III. Jury Trial Demand
Running Bird's Complaint demands a jury trial. Doc. 14; Doc. 1 at 8 (civil cover sheet). But the only claim to survive summary judgment is Running Bird's free exercise claim for family pow wows under RLUIPA. Monetary damages are unavailable under RLUIPA. Running Bird's surviving claim is therefore limited to declaratory and injunctive relief, both equitable remedies. There is no right to a juiy trial on claims limited to equitable relief. See, e.g., Hornsby v. St. Louis Sw. Ry. Co., 963 F.2d 1130 (8th Cir. 1992) (holding that a plaintiff is not entitled to a jury trial when claims are equitable in nature); Baum v. Blue Moons Ventures, LLC, 513 F.3d 181, 193 (5th Cir. 2008) (“Unless Congress has expressly provided to the contrary, an injunction is an equitable remedy that does not invoke a constitutional right to a jury trial.”); Kramer v. Banc of Am. Sec., LLC, 355 F.3d 961, 966 (7th Cir. 2004) (“There is no right to a jury where the only remedies sought (or available) are equitable.” (citations omitted)); Holt v. Payne, 22-cv-00553, 2024 WL 3166079, at *1 n.2 (E.D. Ark. June 25, 2024) (noting the absence of a jury question since plaintiff seeks only injunctive relief). Running Bird's request for a jury trial is, therefore, denied. The Court will be in contact with counsel soon to schedule a bench trial on the lone remaining claim for family pow wows under RLUIPA.
IV. Conclusion
For the above reasons, it is hereby
ORDERED that Defendants' Renewed Motion for Summary Judgment, Doc. 41, is denied as to the claim below:
1. Running Bird's family pow wow claim under RLUIPA against all Defendants in their official capacities seeking injunctive relief. It is further
ORDERED that Defendants' Renewed Motion for Summary Judgment, Doc. 41, is granted as to the following claims:
1. Running Bird's claim for separate sweat ceremonies under RLUIPA against all Defendants in their official capacities seeking injunctive relief.

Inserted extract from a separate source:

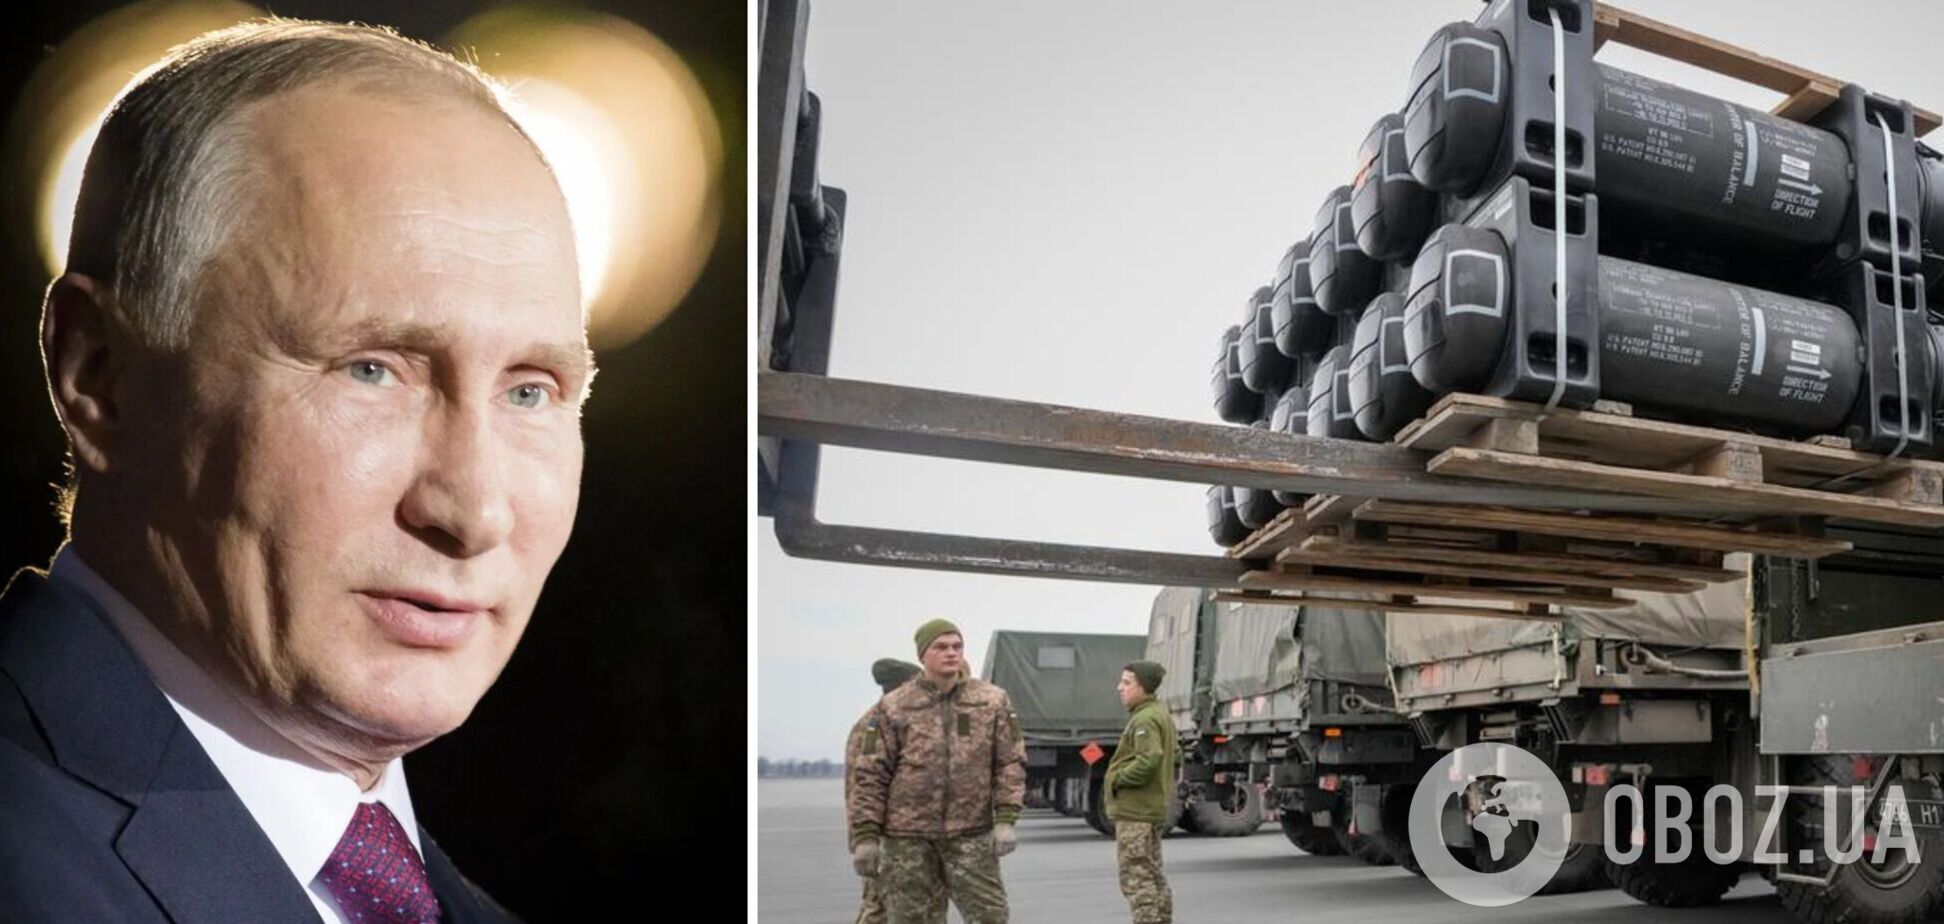 РФ может совершить теракт в Европе, чтобы помешать поставкам Украине вооружения – СНБО

2. Running Bird's free exercise claim for injunctive relief against all Defendants in their official capacities arising out of the combined sweat ceremonies.
3. Running Bird's equal protection claim against all Defendants in their official capacities for injunctive relief.
4. Running Bird's free exercise claim arising from combined sweat ceremonies against Mertens-Jones in her individual capacity. It is finally
ORDERED that Running Bird's demand for a jury trial is denied.